The types of transformations under consideration are those which amplify the effect of test cases, i.e., simple transformations that allow us to infer the behavior of the program for many inputs based on its behavior for one input. Thus, these transformation rules reduce the effective size of the input space, typically by eliminating one or more dimensions in the input space. The major benefit of these transformations is to make the reliability estimate insensitive to the operational profile. Also, when the transformed input space is sufficiently small, sampling without replacement can be used to significantly reduce the number of test cases needed for achieving a desired confidence level.
Bojan Cukic is investigating these techniques as part of his doctoral dissertation. We have developed several transformation rules, including program slicing, elimination of nondeterministic control structures, and input, and output transformations for amplifying test cases. We are also developing monotonic transformation rules that significantly accelerate the execution of each test case. The key idea for achieving performance speed-up is to ensure that the correctness of the transformed program for an input implies correctness of the original program for that input. However, unlike semantically equivalent transformations, if the transformed version is incorrect then the original version must be tested to determine its behavior for that particular input.
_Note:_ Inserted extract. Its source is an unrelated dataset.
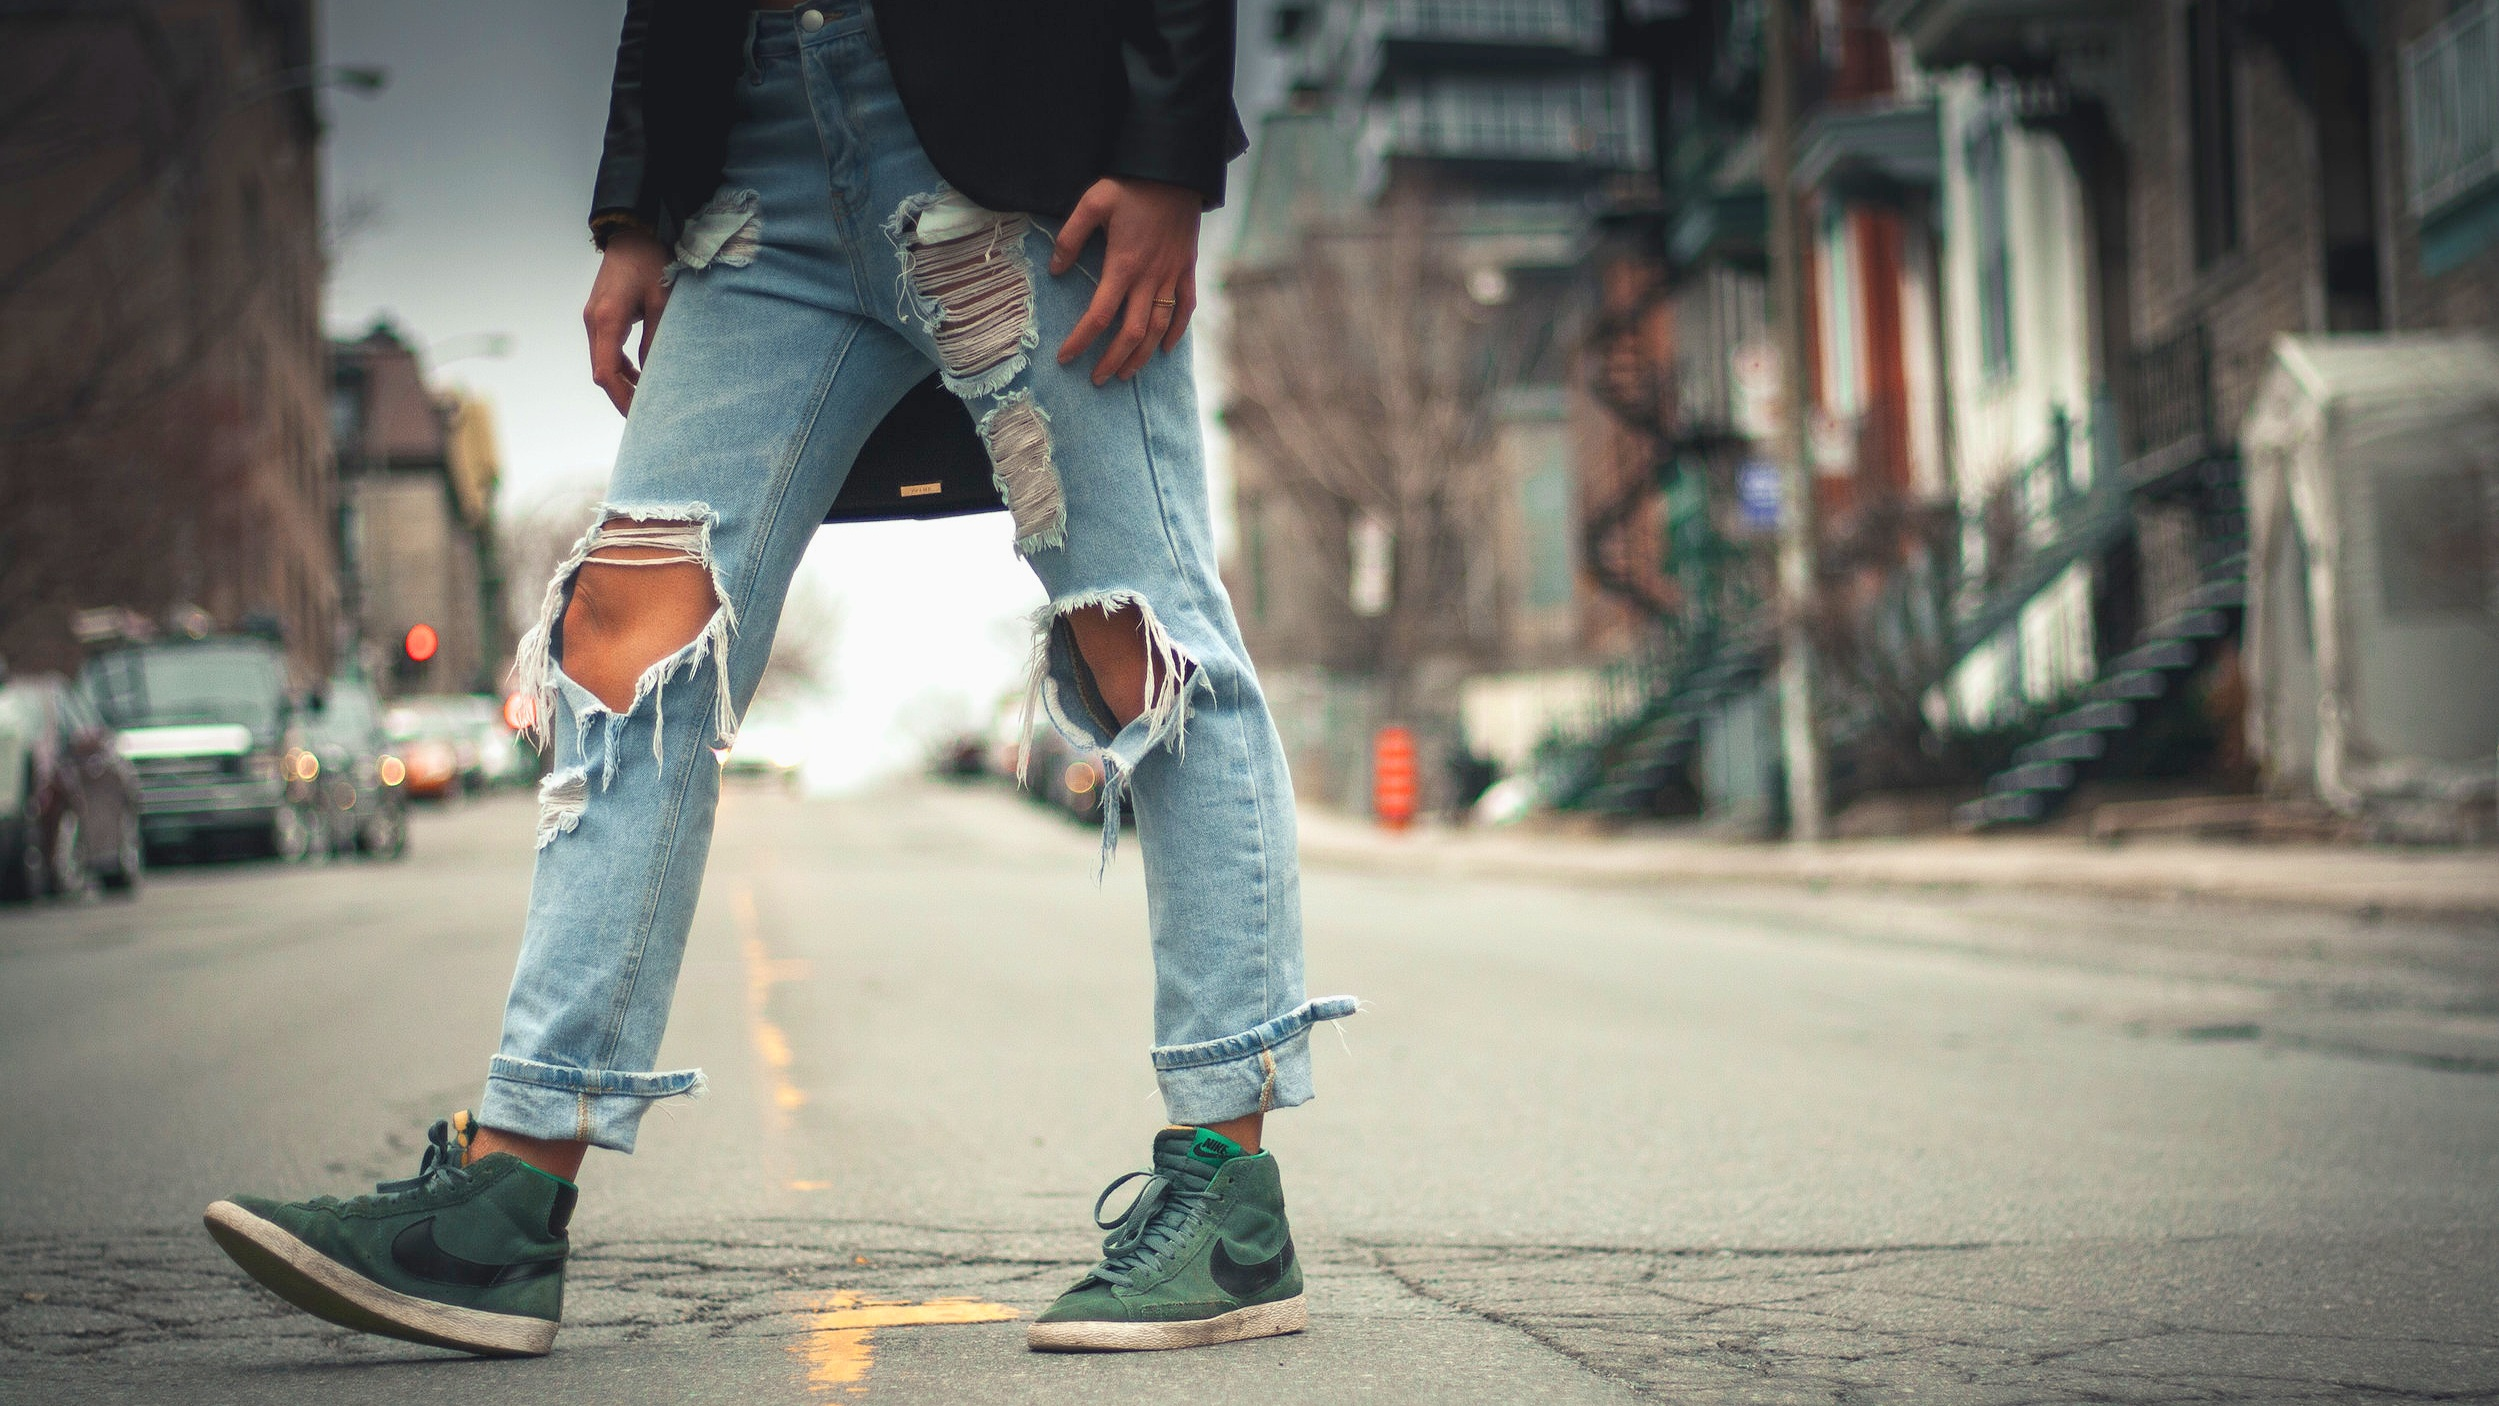 street+photography

Three major software tools are being developed to automate the evaluation process, specifically, a symbolic execution system, an automated test data generation system, and an input space visualization system.
Ridhdhish Amin, a master's student, is implementing a symbolic execution system for C programs using SAGE++ as the underlying parser. This tool generates the path constraints and output expressions in algebraic form for use by the test data generator and visualization system. A first version is ready and is being applied to an avionics program for controlling the landing phase of an aircraft.
As part of his doctoral dissertation, Anouar Jamoussi is developing an accelerated test data generator based on a two-step approach to achieve a speedup of over 200 times over conventional interpretive methods of generating random test data that satisfy a given partition predicate. In the first step, heuristics are used to order the input parameters needed to obtain an optimal sequence for generating the test data. Next, a customized test data generator is automatically coded for each predicate, compile, and linked to the application program. A prototype is ready, and work is in progress to statistically bound each predicate by a tight box to increase the "hit ratio" in the random test data generation process.
Victoria Hilford, a doctoral student, is developing a program for visualizing the input space of process-control programs. The program uses the predicates and expressions from the symbolic execution system, as well as data from the testing phase, to construct and display a multidimensional profile of the tested portions of the input space. Its main use will be to identify areas in the input space that need additional testing. Ms. Hilford is porting an earlier prototype for NeXt machines to the SUN-Unix environment.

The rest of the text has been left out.